The aforementioned global macroeconomic and geopolitical uncertainties are likely to continue weighing on investor sentiments, which could result in more volatility in the U.S. equity market.

Nonetheless, this volatility has also created buying opportunities for investors. In the current scenario, investors can look for stocks with strong fundamentals that can stay afloat and grow once the impact of the aforementioned global macroeconomic and geopolitical uncertainties cools off.

NVIDIA is one such stock in our opinion.

Why an Attractive Pick?

Share Price Decline & Reduced Valuation Multiple: Shares of NVIDIA have plunged 21.7% in the year-to-date (YTD) period, while the stock is down 33.6% from its 52-week high level of $346.47 attained on Nov 22, 2021, making the stock more affordable for investors. The stock trades at a one-year forward P/E of 45.1X compared with its five-year average of 82.02X.

Solid Rank & Growth Score: NVIDIA currently carries a Zacks Rank #1 (Strong Buy) and has a Growth Score of B. Our research shows that stocks with a Growth Score of A or B, when combined with a Zacks Rank #1 or #2 (Buy), offer the best investment opportunities for investors. Thus, the company appears to be a compelling investment proposition at the moment. You can see the complete list of today’s Zacks #1 Rank stocks here.

Northward Estimate Revisions: Of the 13 analysts covering the stock, 12 have raised their earnings estimates for fiscal 2023 over the past 30 days versus no southward revisions, reflecting analysts’ confidence in the company. Over the same period, the Zacks Consensus Estimate for the current fiscal year has moved 7.8% north.

Positive Earnings Surprise History: NVIDIA has an impressive earnings surprise history. The company outpaced estimates in the trailing four quarters, delivering an average earnings surprise of 7%.

Solid Growth Prospects: The Zacks Consensus Estimate of $5.56 for fiscal 2023 earnings suggests growth of 25.2% from the year-ago reported figure. Moreover, earnings are expected to register 14.7% growth in fiscal 2024 and reach $6.37 per share. Its projected long-term earnings per share growth rate is 16.8%.

Robust Fundamental Growth Drivers: NVIDIA is the worldwide leader in visual computing technologies and the inventor of the graphic processing unit (GPU).
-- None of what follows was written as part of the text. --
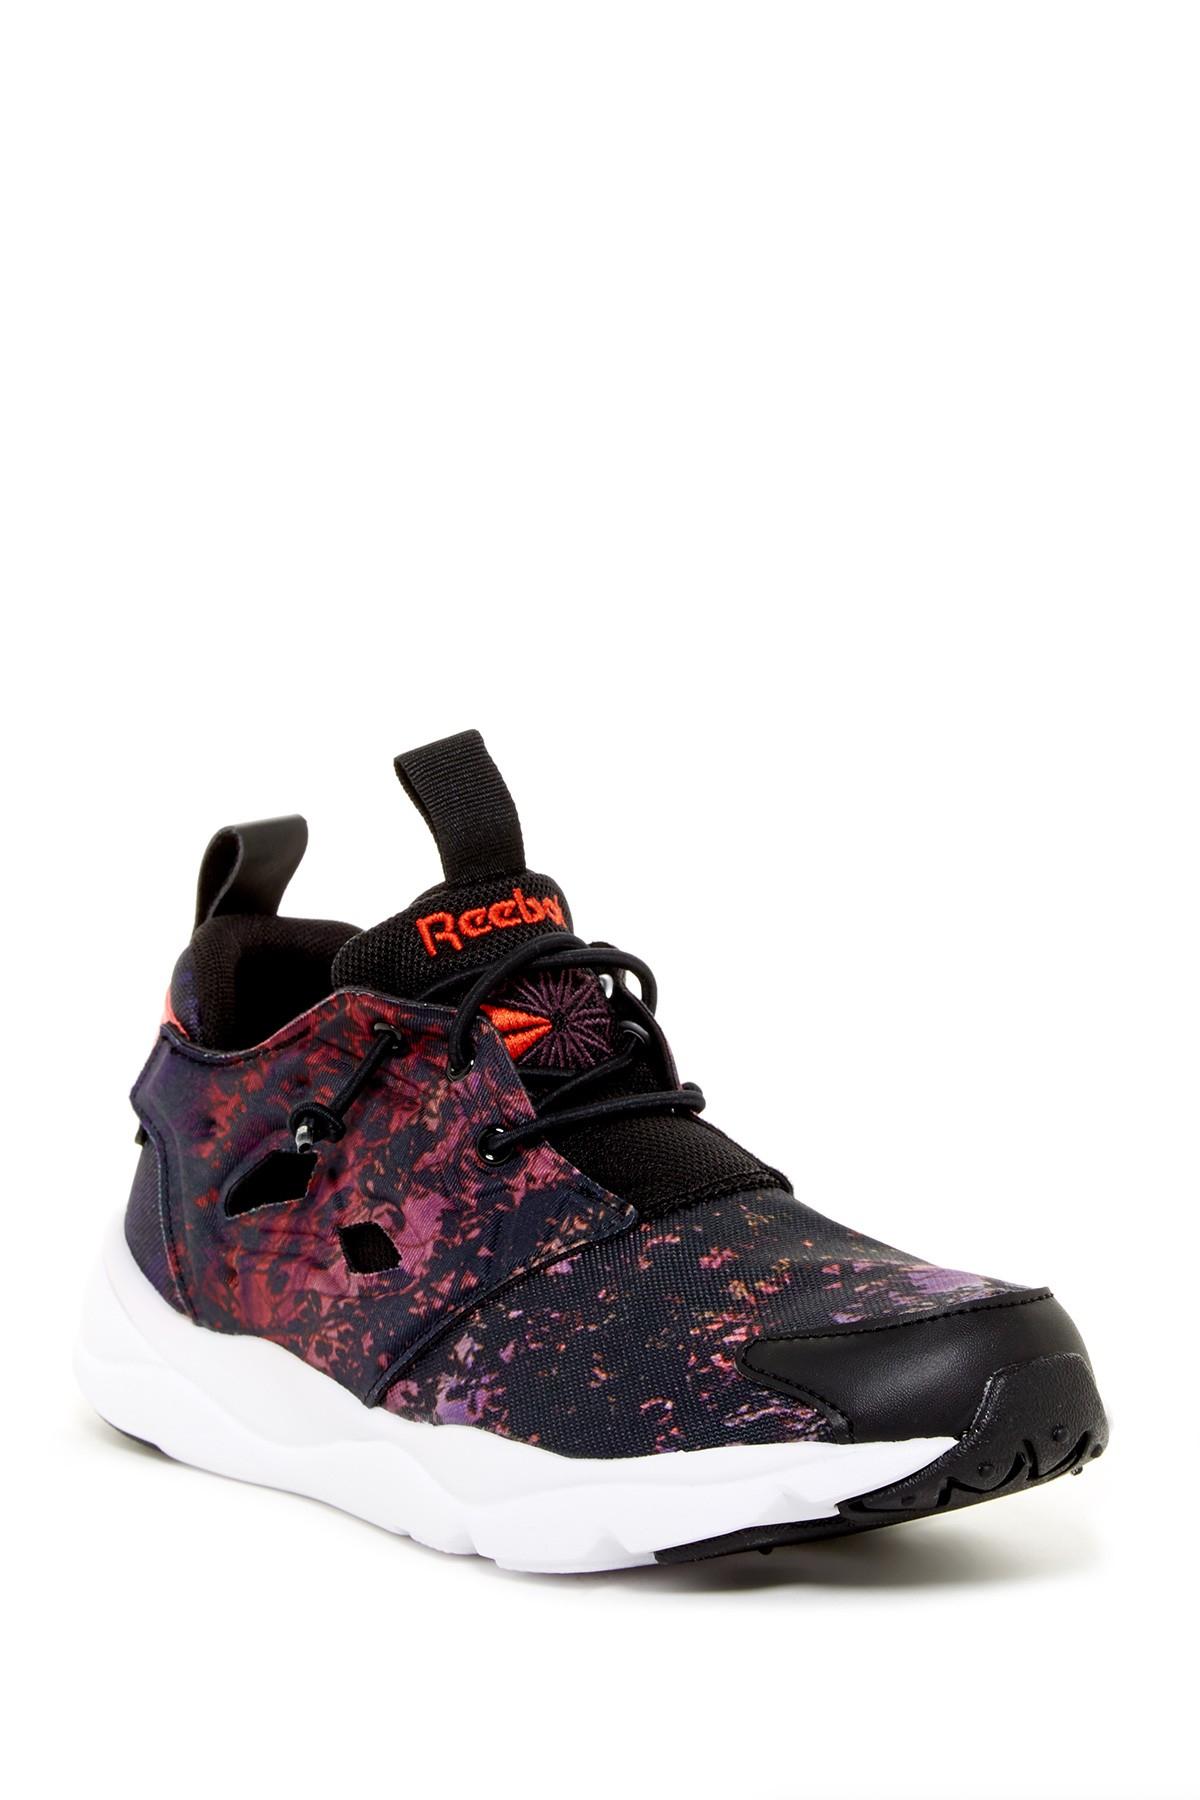 Lyst - Reebok Furylite Classic Sneaker 5da67dde7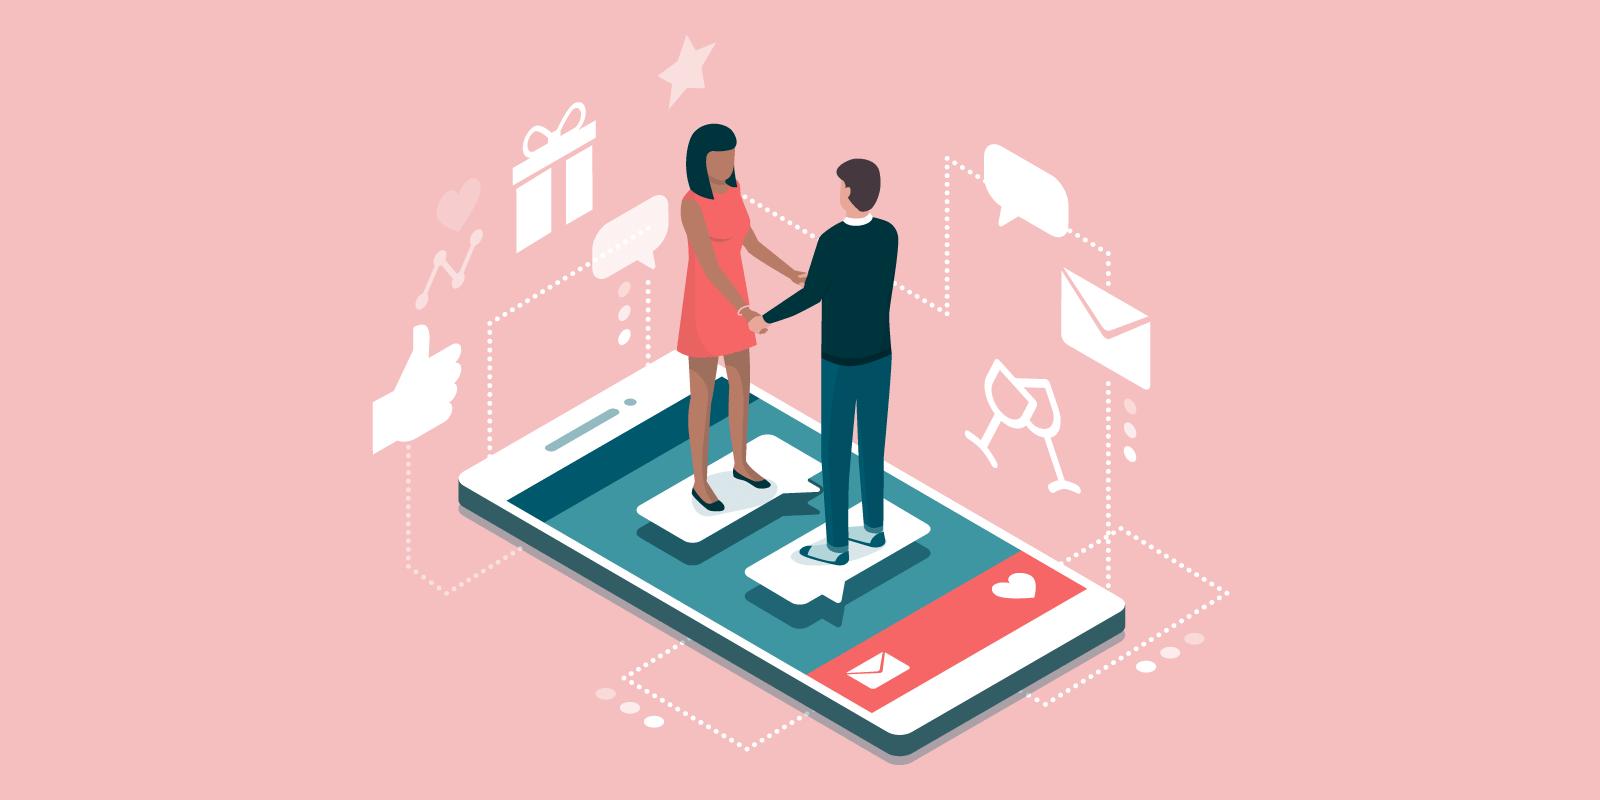 5 Best VPNs for Tinder in 2021. 2

The graphic chip maker is benefiting from the coronavirus-induced work-from-home and learn-at-home wave. The company has been witnessing solid demand for GeForce desktop and notebook GPUs, which are boosting gaming revenues.

Moreover, a surge in Hyperscale demand is a tailwind for the company’s Data Center business. As more businesses shift to the cloud, the need for datacenters is increasing immensely. To cater to this huge demand, datacenter operators are expanding their operations, which is driving the demand for GPUs.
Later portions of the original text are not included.